Ms. Pirro's office issued a release on Wednesday stating that after 
a review of the information supplied by the police, she had 
determined that "there is not sufficient evidence to support a 
criminal prosecution." A spokeswoman for the district attorney said 
in a telephone interview that while "we found the material on the site 
offensive and reprehensible," there was nothing in it to bring it up to 
the level of a crime.  

"Unfortunately, the two kids got arrested, which is kind of sad," the 
ACLU's Hansen said. Their "crime" was nothing more than 
publishing speech on the Internet, albeit unsavory speech, for which 
they should be embarrassed, he added. Law enforcement initially 
"overreacted," as they sometimes do when expression on the new 
medium of the Internet is involved, said Hansen.  

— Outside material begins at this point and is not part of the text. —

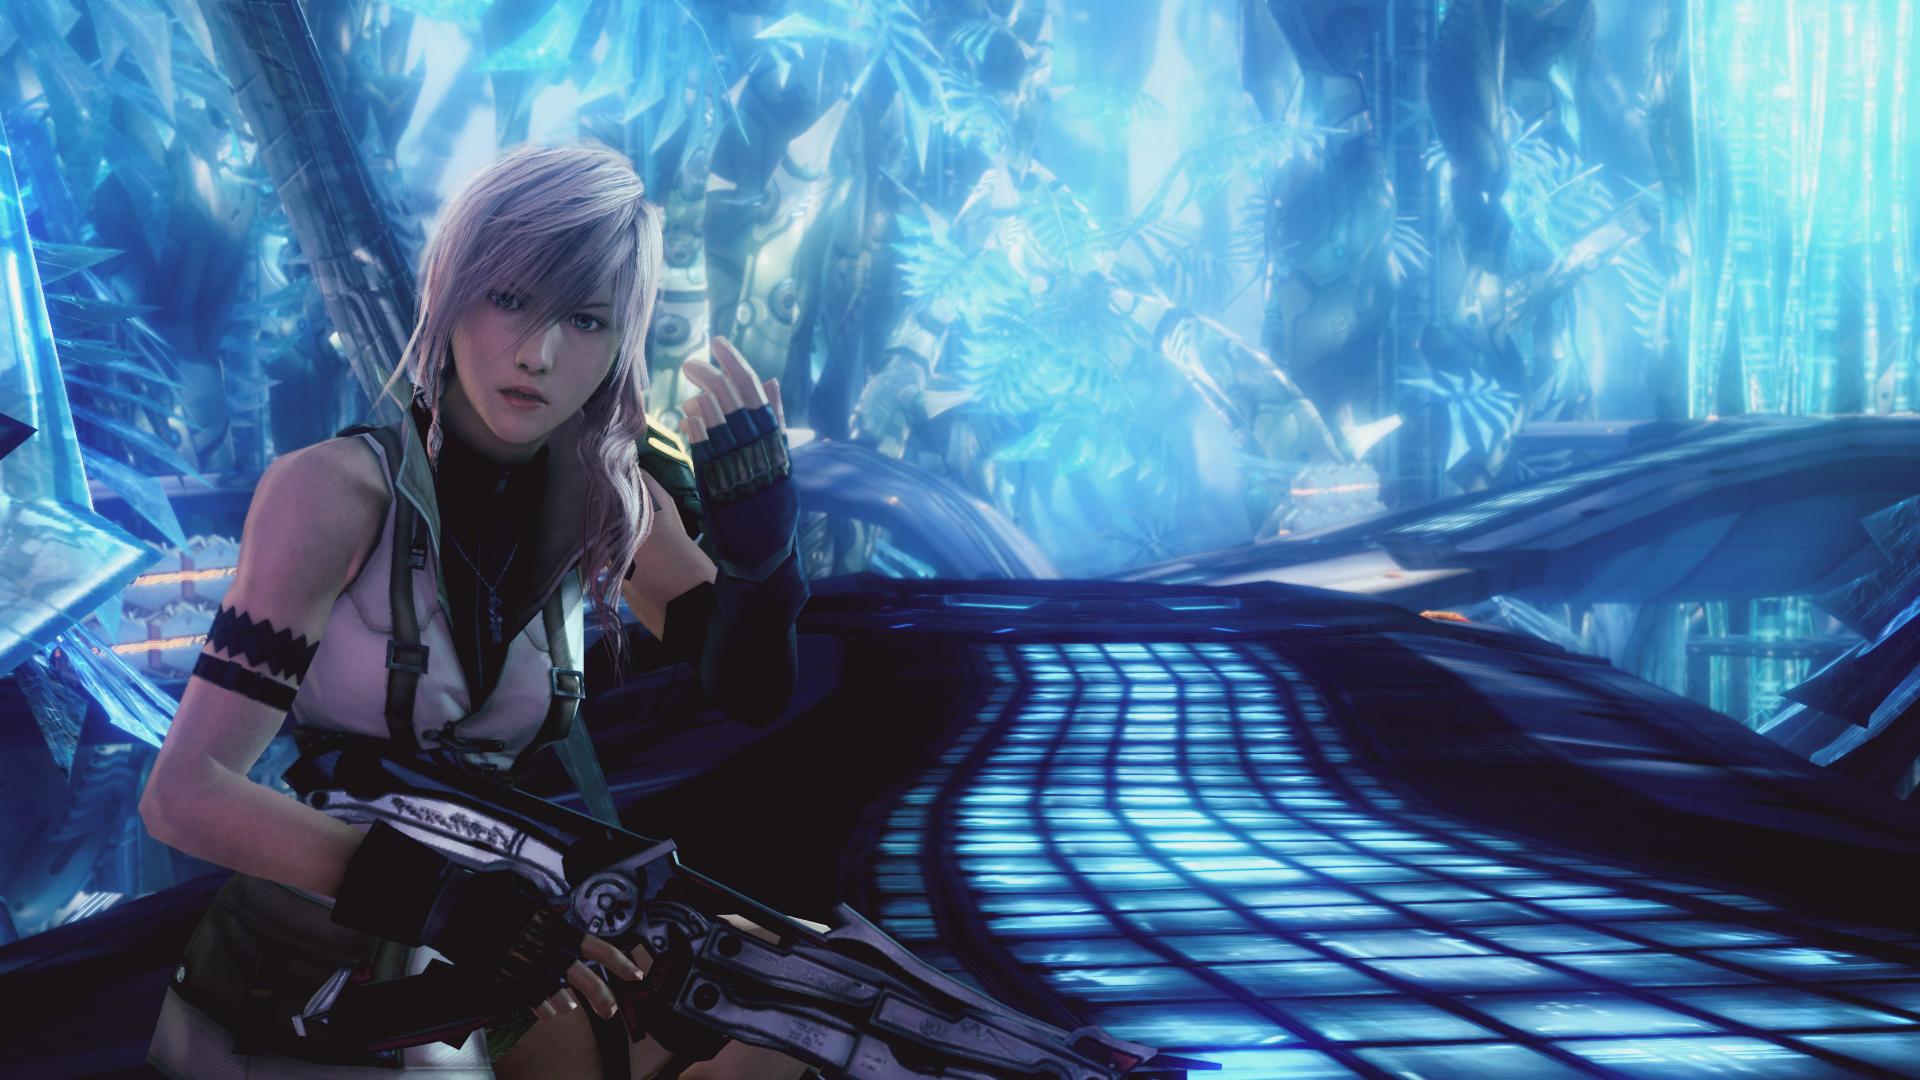 Wallpaper Video Games Final Fantasy Xiii Claire Farron Long

The two male students, both 18-year-old seniors at Horace Greeley 
High School in Chappaqua, were arrested on May 30 by New Castle 
police officers and charged with one count of aggravated 
harassment in the second degree, a misdemeanor that carries with 
it a maximum penalty of up to one year in jail and a $1,000 fine.  

Although police officials, as is their policy, declined to reveal the 
names of the youths, their Web site had become notorious in the 
school. The site, which has been shut down, not only commented on 
the alleged sexual preferences or activities of more than 30 girls, 
but also included comments on their looks, eating habits and their 
parents' marital problems, according to the news accounts.  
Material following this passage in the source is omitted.